You say "in-place", I therefore assume that you don't want to use O(n) extra memory.
First, count the number of objects with each value (as in Gionvanni's and ronaldo's answers). You still need to get the objects into the right locations in-place. I think the following works, but I haven't implemented or tested it:
Create a cumulative sum from your counts, so that you know what index each object needs to go to. For example, if the counts are 1: 3, 2: 5, 3: 7, then the cumulative sums are 1: 0, 2: 3, 3: 8, 4: 15, meaning that the first object with value 1 in the final array will be at index 0, the first object with value 2 will be at index 3, and so on.
The basic idea now is to go through the vector, starting from the beginning. Get the element's processor index, and look up the corresponding cumulative sum. This is where you want it to be. If it's already in that location, move on to the next element of the vector and increment the cumulative sum (so that the next object with that value goes in the next position along). If it's not already in the right location, swap it with the correct location, increment the cumulative sum, and then continue the process for the element you swapped into this position in the vector.
There's a potential problem when you reach the start of a block of elements that have already been moved into place. You can solve that by remembering the original cumulative sums, "noticing" when you reach one, and jump ahead to the current cumulative sum for that value, so that you don't revisit any elements that you've already swapped into place. There might be a cleverer way to deal with this, but I don't know it.
Finally, compare the performance (and correctness!) of your code against std::sort. This has better time complexity than std::sort, but that doesn't mean it's necessarily faster for your actual data.

You definitely want to use counting sort. But not the one you're thinking of. Its main selling point is that its time complexity is O(N+X) where X is the maximum value you allow the sorting of.
Regular old counting sort (as seen on some other answers) can only sort integers, or has to be implemented with a multiset or some other data structure (becoming O(Nlog(N))).

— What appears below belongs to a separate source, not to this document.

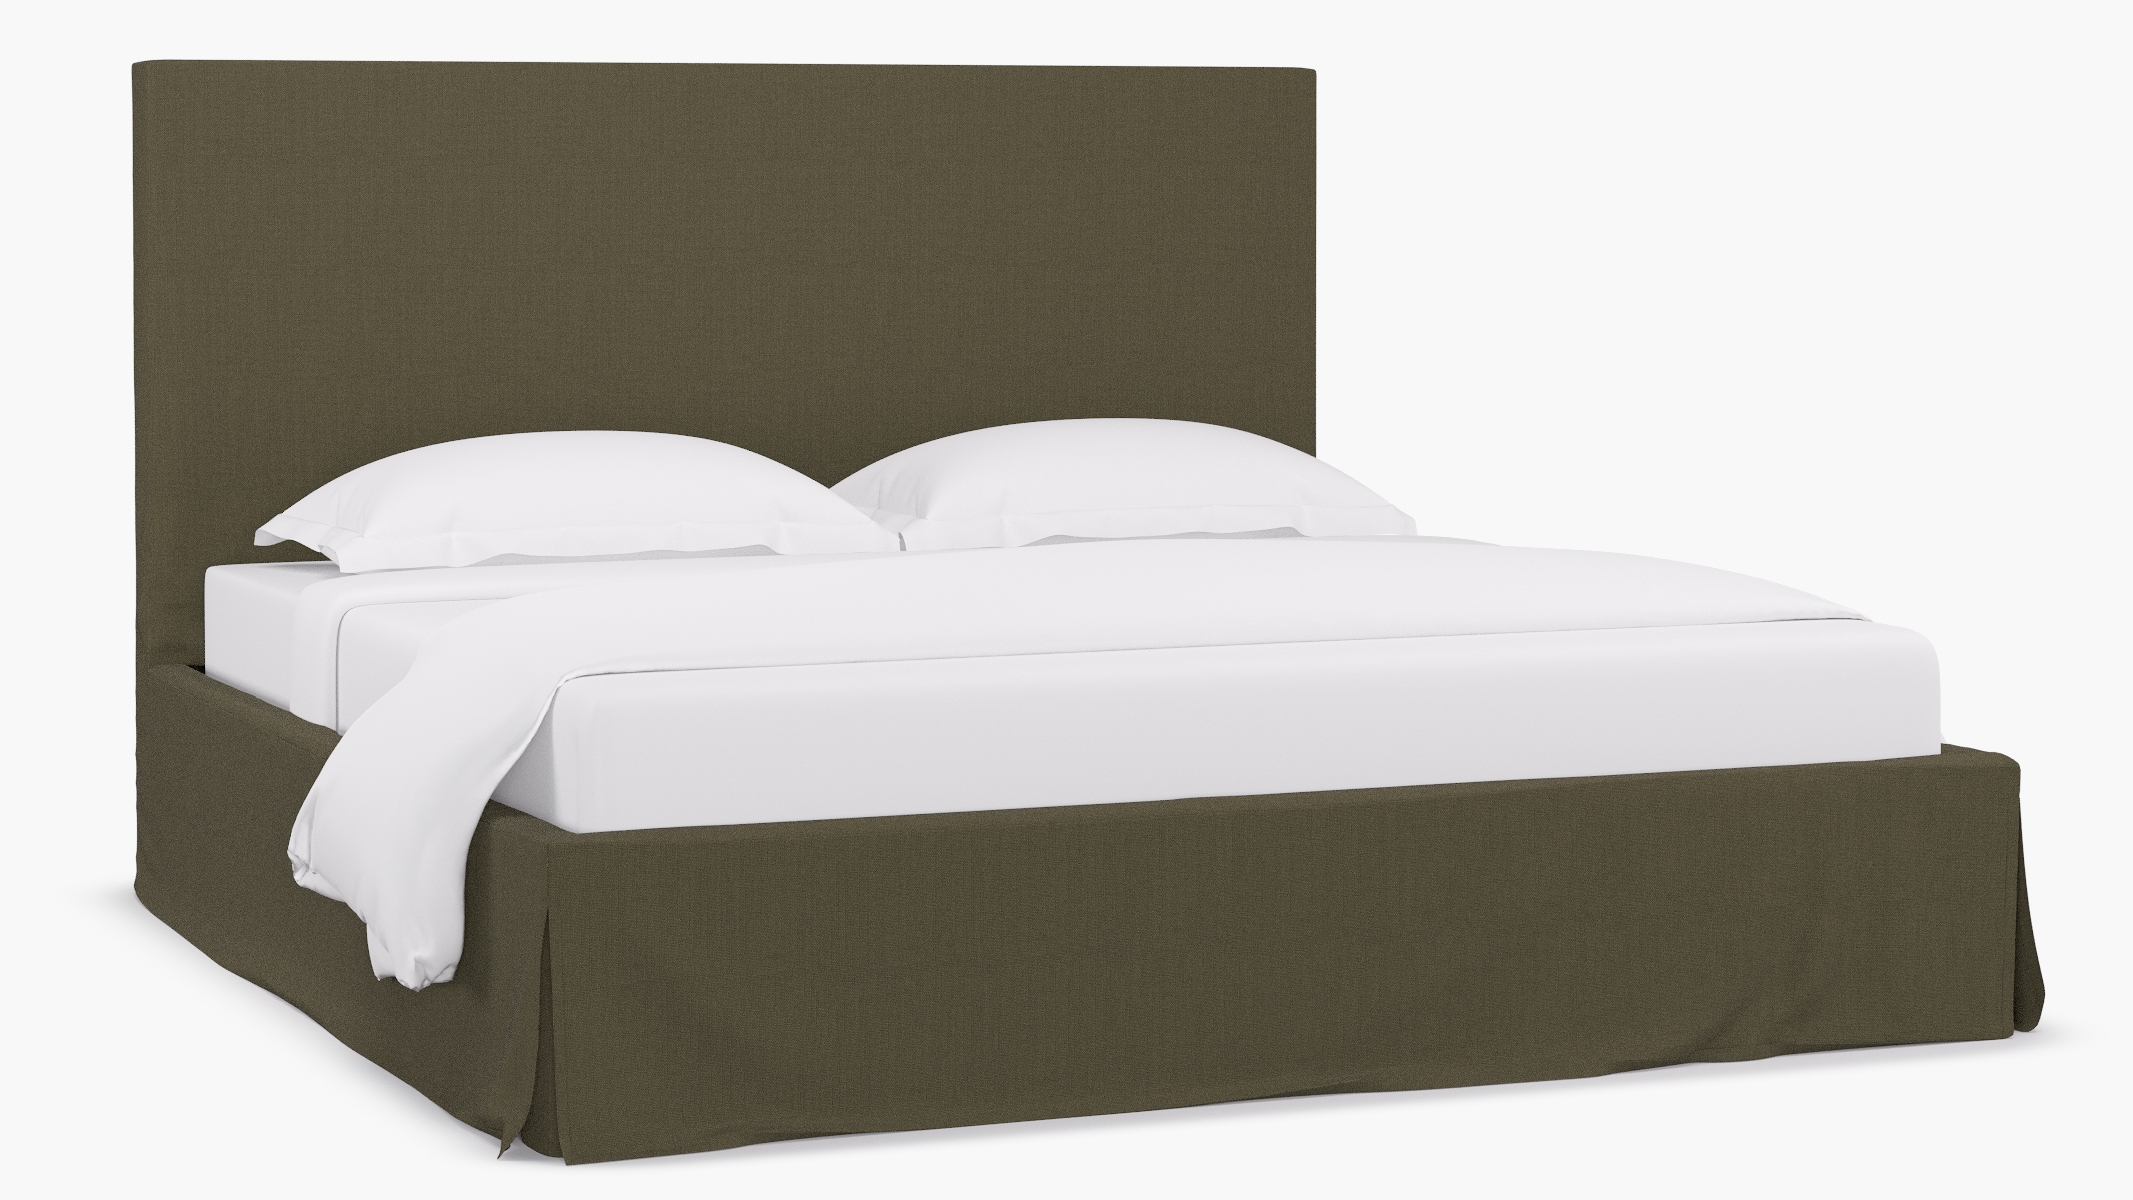 Slipcovered Bed, Olive Everyday Linen, King - Image 0

But a more general version of counting sort can be used to sort (in place) anything that can provide an integer key, which is perfectly suited to your use case.
The algorithm is somewhat different though, and it's also known as American Flag Sort. Just like regular counting sort, it starts off by calculating the counts.
After that, it builds a prefix sums array of the counts. This is so that we can know how many elements should be placed behind a particular item, thus allowing us to index into the right place in constant time.
since we know the correct final position of the items, we can just swap them into place. And doing just that would work if there weren't any repetitions but, since it's almost certain that there will be repetitions, we have to be more careful.
First: when we put something into its place we have to increment the value in the prefix sum so that the next element with same value doesn't remove the previous element from its place.
Second: either
keep track of how many elements of each value we have already put into place so that we dont keep moving elements of values that have already reached their place, this requires a second copy of the counts array (prior to calculating the prefix sum), as well as a "move count" array.
keep a copy of the prefix sums shifted over by one so that we stop moving elements once the stored position of the latest element
reaches the first position of the next value.
Even though the first approach is somewhat more intuitive, I chose the second method (because it's faster and uses less memory).
template<class It, class KeyOf>
void countsort (It begin, It end, KeyOf key_of) {
constexpr int max_value = 1000;
int final_destination[max_value] = {}; // zero initialized
int destination[max_value] = {}; // zero initialized
// Record counts
for (It it = begin; it != end; ++it)
final_destination[key_of(*it)]++;
// Build prefix sum of counts
for (int i = 1; i < max_value; ++i) {
final_destination[i] += final_destination[i-1];
destination[i] = final_destination[i-1];
}
for (auto it = begin; it != end; ++it) {
auto key = key_of(*it);
// while item is not in the correct position
while ( std::distance(begin, it) != destination[key] &&
// and not all items of this value have reached their final position
final_destination[key] != destination[key] ) {
// swap into the right place
std::iter_swap(it, begin + destination[key]);
// tidy up for next iteration
++destination[key];
key = key_of(*it);
}
}
}
Usage:
vector<Person> records = populateRecords();
countsort(records.begin(), records.end(), [](Person const &){
return Person.id()-1; // map [1, 1000] -> [0, 1000)
});
This can be further generalized to become MSD Radix Sort,
here's a talk by Malte Skarupke about it: https://www.youtube.com/watch?v=zqs87a_7zxw
Here's a neat visualization of the algorithm: https://www.youtube.com/watch?v=k1XkZ5ANO64

The answer given by Giovanni Botta is perfect, and Counting Sort is definitely the way to go. However, I personally prefer not to go resizing the vector progressively, but I'd rather do it this way (assuming your range is [0-1000]):
vector<int> to_sort;
vector<int> counts(1001);
int maxvalue=0;
for (int i : to_sort) {
if(i > maxvalue) maxvalue = i;
counts[i]++;
}
counts.resize(maxvalue+1);
It is essentially the same, but no need to be constantly managing the size of the counts vector. Depending on your memory constraints, you could use one solution or the other.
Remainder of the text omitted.